8. The glue dispensing quality detection method of the glue dispensing detection machine according to claim 7, wherein, After extracting candidate defect image patches based on the preliminary defect markings, extracting the reflectance curves and texture feature vectors of the candidate defect image patches, and inputting them into a preset support vector machine classifier to determine the final defect information, the process further includes: The classification confidence scores corresponding to the final defect information obtained from the detection of multiple consecutive frames of images are statistically analyzed, and the variance of the confidence scores is calculated to obtain a confidence variance sequence. Determine whether the confidence variance sequence exceeds a preset stability interval; If the value exceeds the limit, then calculate the grayscale histogram and local contrast matrix of the image corresponding to the original photoelectric data. Based on the distribution characteristics of the grayscale histogram and the statistical values ​​of the local contrast matrix, the filter kernel size adjustment gradient and gain coefficient correction values ​​are calculated. Median filtering was performed using the adjusted kernel size, and illumination normalization was performed using the corrected gain coefficient to optimize the subsequent acquisition of multispectral images. If the limit is not exceeded, no adjustment is required.
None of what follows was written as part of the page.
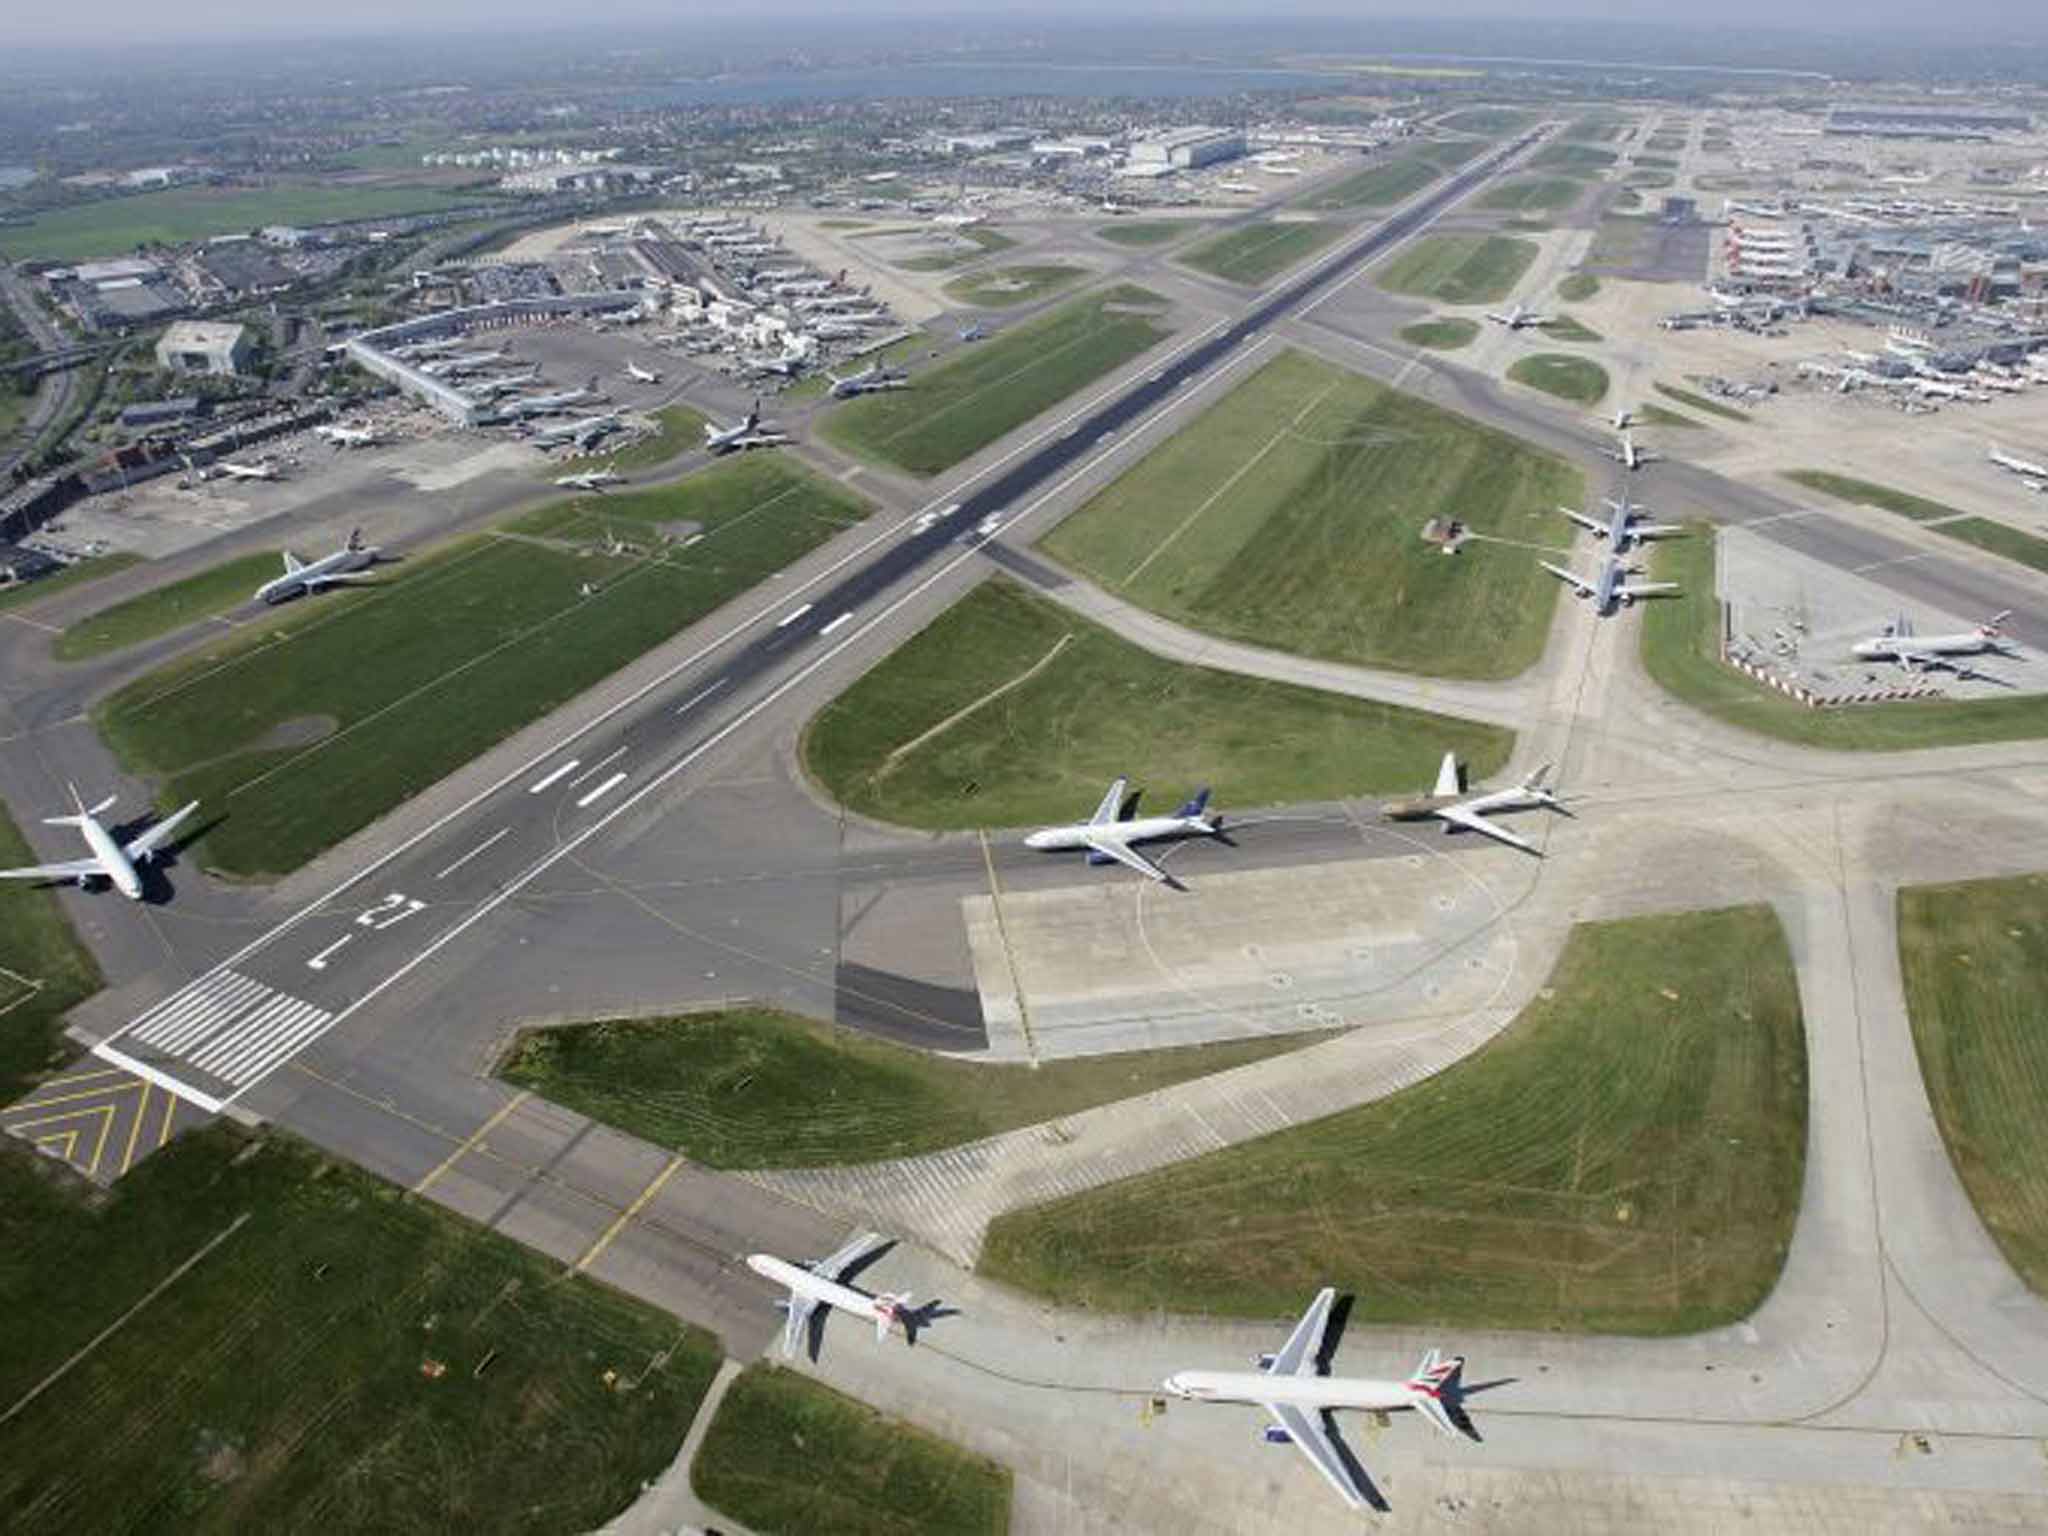 Planes queuing at Heathrow

9. A quality detection system of a dispensing detection machine, characterized in that, include: The image acquisition module is used to acquire multispectral images of the dispensing area to obtain raw photoelectric data. Based on the transmission characteristics of the pre-acquired colloidal material, the raw photoelectric data is fused to obtain a multi-band image set containing reflection and absorption characteristics. The image preprocessing module is used to perform median filtering and illumination normalization on the multi-band image set to obtain a corrected image set; The feature extraction module is used to traverse the corrected image set to construct a multidimensional spectral vector, perform principal component analysis to reduce the dimensionality of the multidimensional spectral vector, calculate the projection amplitude of the principal component features after dimensionality reduction, and combine them to obtain a band difference vector matrix that reflects the material properties. The feature fusion module is used to construct a texture gradient matrix based on the band difference vector matrix, concatenate the texture gradient matrix and the band difference vector matrix and input them into a preset convolutional neural network model, and extract features through the convolutional layer to obtain a fused feature map. The preliminary defect labeling module is used to compare the pixel values ​​of the fused feature map with a preset colloidal distribution anomaly threshold, generate an anomaly distribution matrix, and perform morphological operations and connected component filtering on the anomaly distribution matrix to obtain preliminary defect labels. The defect classification and confirmation module is used to extract candidate defect image blocks based on the preliminary defect markings, extract the reflectance curves and texture feature vectors of the candidate defect image blocks, and input them into a preset support vector machine classifier to determine the final defect information.